Sampai akhirnya beberapa waktu lalu, tepatnya tidak lama setelah Lebaran Idul Fitri, saya berkesempatan untuk menjadi murid gadungan bagi peserta pelatihan mengajar bahasa Inggris mengikuti kursus gratis di salah satu tempat kursus bahasa Inggris paling mentereng di Kodya Bandung. Programnya cukup intensif yaitu dua jam tiap hari kerja (Senin-Jumat) selama empat minggu. Di kelas mau tidak mau kami mendayagunakan berbagai kemampuan berbahasa Inggris seperti berbicara, mendengarkan, mengerjakan soal, dan sebagainya. Selain mengasah kemampuan berbahasa Inggris dan mendapatkan grup WA teman-teman baru, selepas program itu entah bagaimana saya termotivasi untuk kembali mempelajari bahasa tersebut, terutama dalam berbicara dan menulis. 

Bottled mengapung-apung
mencarikanku teman dari negeri seberang.
sumber
Bersamaan dengan kursus itu, saya mulai mencoba aplikasi chatting baru bernama Bottled. Saya menganggap Bottled ini perpaduan yang oke antara penpaling dan stranger chat apps. Kita tidak harus punya peristiwa menarik untuk diceritakan hingga berparagraf-paragraf sepatutnya dalam e-mail untuk penpal. Percakapan juga relatif awet ketimbang di stranger chat apps karena kita bisa menyimpan lawan bicara, melihat profilnya, dan menggali pertanyaan dari situ, bahkan memberinya "hadiah". Memang sih, untuk menjaga percakapan dibutuhkan kreativitas dan keaktifan kedua belah pihak. Malah kadang saya mengajukan pertanyaan dari buku IELTS, hahaha. Melalui aplikasi ini juga akhirnya saya punya teman berlatih speaking dari negeri asing. Kebetulan saja dia punya kepentingan yang sama dan tampaknya beriktikad baik, karena biasanya enggak mudah menemukan orang asing yang cocok untuk dijadikan teman mengobrol lewat telepon.

Bahasa Arab

Tujuan utama mempelajari bahasa ini tidak lain supaya bisa mengerti ketika Alquran dibacakan.
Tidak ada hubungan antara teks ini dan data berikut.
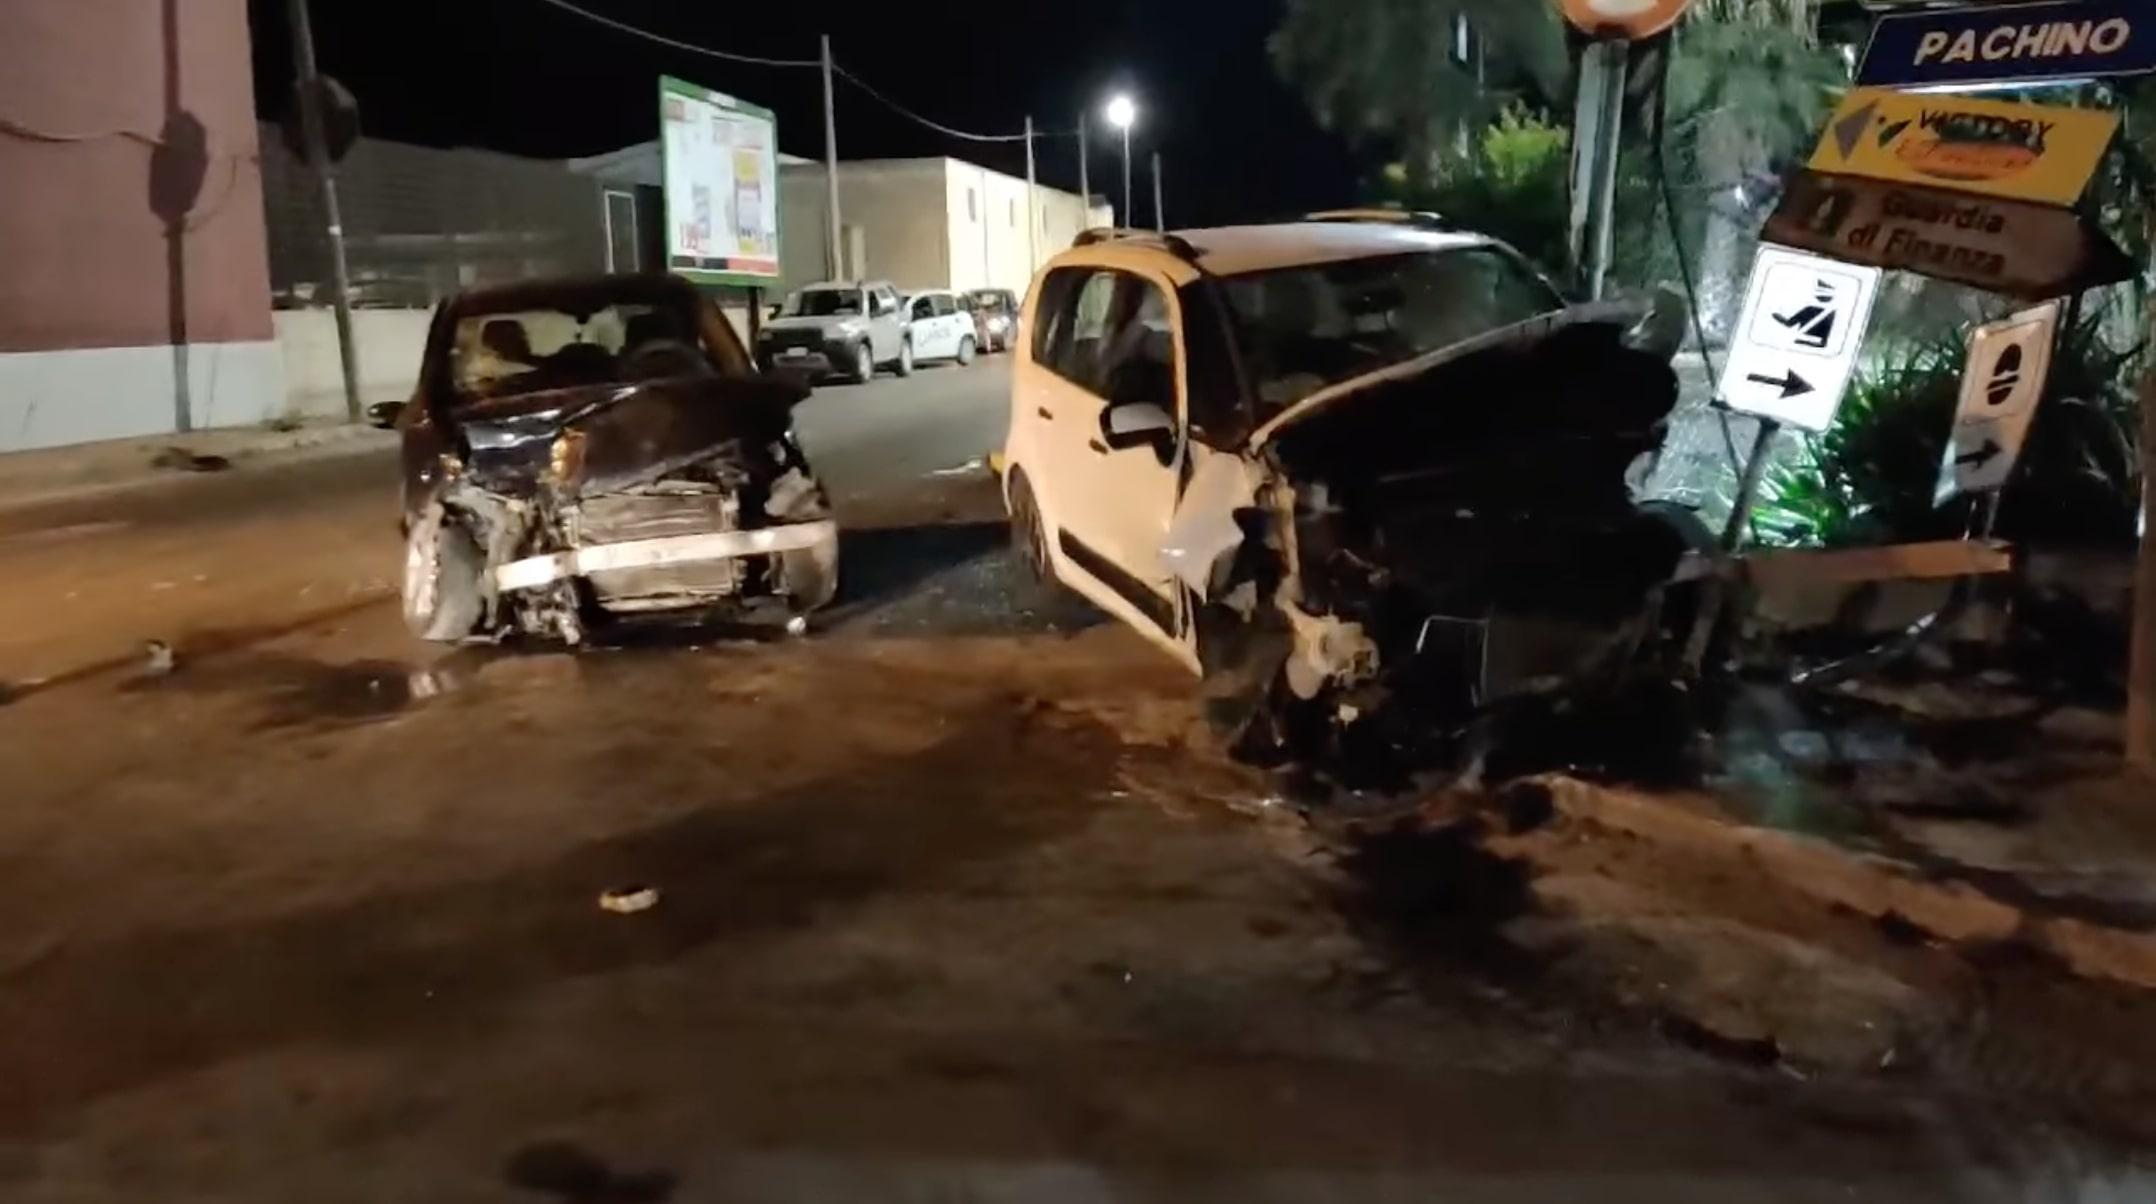 Violento incidente a Pachino, neonata vola dall'auto e finisce su un cancello: 5 feriti, due mezzi coinvolti – Le FOTO

Biasanya, ketika mengikuti salat berjamaah dan imam membacakan ayat keras-keras, pikiran saya semakian melantur ke mana-mana. Tahu arti bacaan Al-Fatihah saja masih sulit khusyuk, apalagi kalau tidak mengerti. Tetapi, itu saja tidak cukup. Baiklah, saya memang belum berkomitmen. 

Hingga belakangan ini saya bertemu orang-orang berbahasa Arab di Bottled lalu membuat mereka takjub dengan sisa pengetahuan bahasa Arab yang saya peroleh di SD-SMP. Apalagi setelah saya mengunduh keyboard Arab di tablet sehingga saya bisa praktik menulis. Malah ada di antara mereka yang antusias untuk mengajari saya bahasa Arab, lengkap dengan slangnya, walau sekarang entah bagaimana kabar dia. Kemudian saya berpikiran bahwa belajar bahasa Arab sehari-hari dari Youtube dan mempraktikkannya langsung dengan orang-orang Arab di internet lebih menarik daripada belajar bahasa Alquran dari bukuteks. Sebenarnya di Youtube juga ada pelajaran bahasa Arab Alquran, tetapi, ya, beda penampilan dengan pelajaran bahasa Arab pergaulan. Walau begitu, pelajaran bahasa Arab sehari-hari dari berbagai saluran yang tampaknya lebih atraktif itu tidak serta-merta bisa dipraktikkan pada teman-teman Arab. Apalagi pada dasarnya saya pemalas. Dijejali beberapa kata sekaligus dalam sekali waktu tidak efektif buat saya karena saya tidak suka menghafal.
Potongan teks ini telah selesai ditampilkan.